Приезжал градоначальник в бронированной кепке, пожурил дорожную службу, приказал пресечь безобразие и уехал в Марьину Рощу к братьям в синагогу. Стояла в Гнездниках церковь святого Николая чудотворца. Раньше тут было особенно много птичьих гнёзд на деревьях; здесь жили ремесленники – "мастера частей дверных петель". В 17 веке "гнездо" значило определённое количество стрел, например в одном из документов того времени "два гнезда стрел" значилось. В Гнездниках жили ремесленники, изготовлявшие стрелы, которых требовалось тогда огромное количество. Это подтверждается переписью 1648 г., в которой упоминается двор "Ивашки гнездника". Совсем рядом находились оружейные слободы, где работали броню и холодное оружие. Приходская церковь Гнездников выстроена в 1629 г., на месте более старой, деревянной. В 1724 г. был "запечатан указ о строении церкви по челобитью Никицкого сорока церкви Николая чудотворца, что в Гнездниках, попа Петра Юдина с прихожаны, велено им вместо ветхой каменной церкви на том же церковном месте построить вновь каменную ж церковь". Церковь соорудили в 1727 г., причём в новом здании оставались части старых стен. Главный престол церкви был посвящён празднику Благовещения Пресвятой Богородицы, а придельные храмы – св. Николаю чудотворцу. Колокольню, стоявшую отдельно от церкви, соорудили в первой половине 18 в. и перестроили в 1870 г. В 1930 г. всё, что было на церковном дворе, снесли и построили типовое школьное здание.

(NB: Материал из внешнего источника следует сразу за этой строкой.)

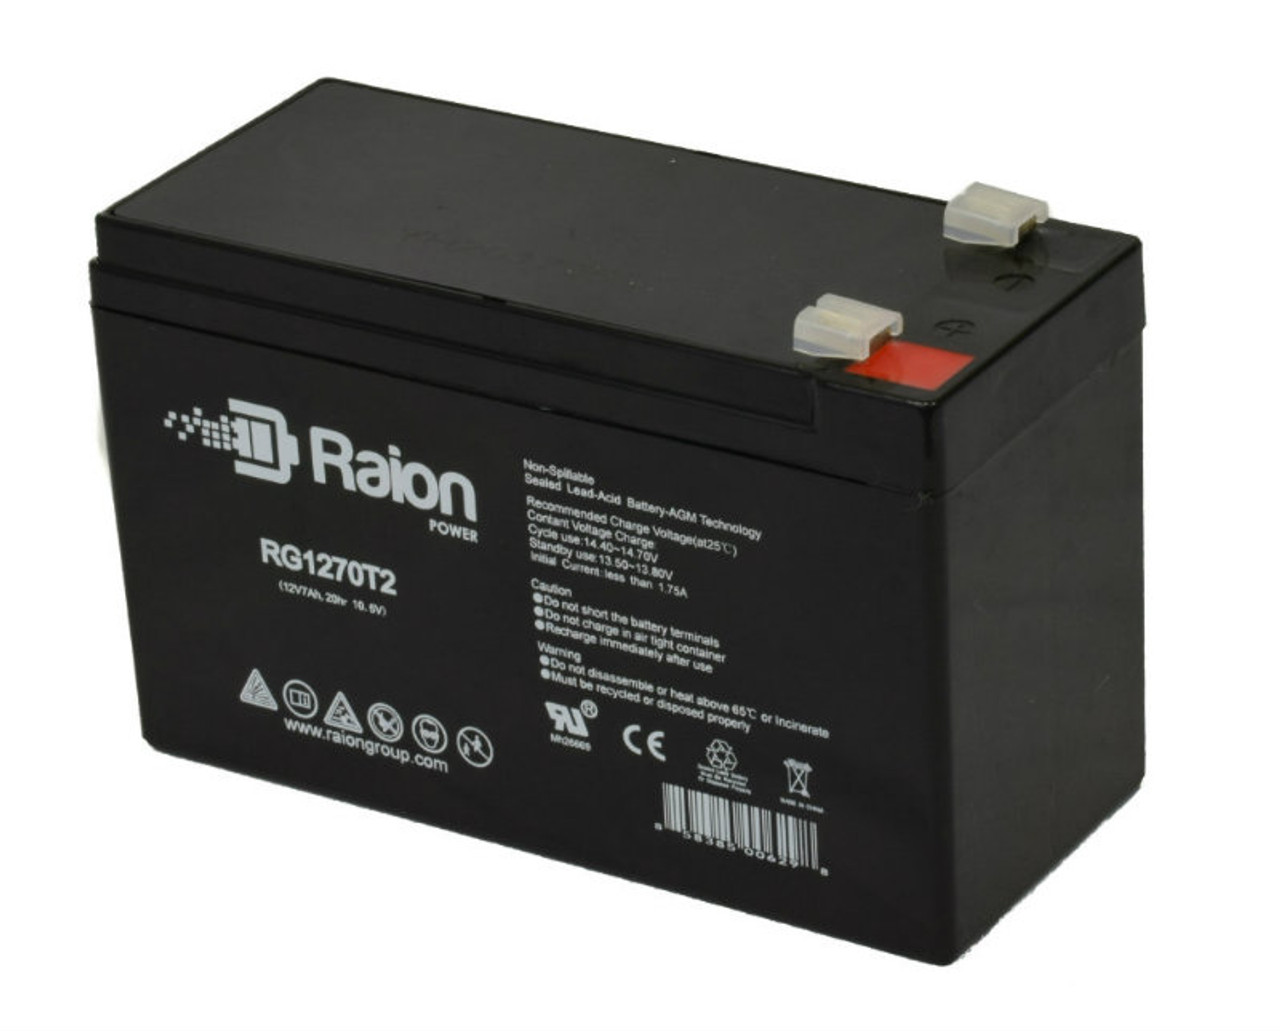 Raion Power RG1270T1 12V 7Ah Non-Spillable Replacement Battery for Panasonic LCR127R2P

"Ты, брат, сказочник, как Чуковский или Пастернак, что лежат тут у нас на погосте", – не то похвалил, не то пожурил его Епифаний. Видимо, всё же не заслужил Митька желанного вознаграждения, так и не дал ему Епифаний почитать Книгу. Вот другую стопку рукописей, лежащих на полке, над пузырьками-склянками читай. Сколько влезет, но ничего не влезало. Раздражали листы разноколиберные, не то буквы, не то рисунки, никакой системы или похожести на что-либо знакомое. Дал ещё ему загадку-головоломку – открыть хитроумный замочек той Книги. Сдвинуть-то её с места Митьке и то не удавалось, a между тем, Епифаний запросто брал её одной ладошкой, запросто у него под пальцами размыкался нераскрываемый замочек и, не листая, сразу открывал нужную страницу. Долго возился Митька и всё безуспешно, замочек не поддавался. Был он из блестящей прочной проволоки, изогнутой странным, секретным способом. Надо было так повернуть соединённые кольца, чтобы они разомкнулись. Но сколько Митька ни вертел наугад по наитию, да и со смыслом после тщательного осмотра, секрет оставался нераскрытым, а Книга и её содержание закрытыми. Сказал старче и о том, как лет эдак семьдесят назад заходил к нему тогда ещё в Кремлёвскую башенку отец Алексей и тоже запросто читал эту Книгу, страницу за страницей. В своё первое знакомство Митька сумел прочитать несколько строк вязевого староцерковного письма, доказав тем самым, что может самостоятельно разобрать текст, но Епифаний почему-то не сдавался и не раскрывал секрета замочка. На сказанное в сердцах предложение перекусить проволочку кусачками, Епифаний огорчился. Назвал Митьку мальчишкой и пояснил, что в этаком случае таинственная жидкость, заключённая в обложках, зальёт все страницы, текст пропадёт, а на восстановление известным только ему способом уйдут годы, да и результат не гарантирован. Так уж было лет эдак сто пятьдесят назад: десять лет спустя удалось восстановить рукопись, а вот голову нарушнику приделать никто не взялся, да и не получилось бы. На этот раз Митька надеялся проникнуть в тайну Книги, и 30-го апреля в вечер на св. Варфоломея приехал в Переделкино.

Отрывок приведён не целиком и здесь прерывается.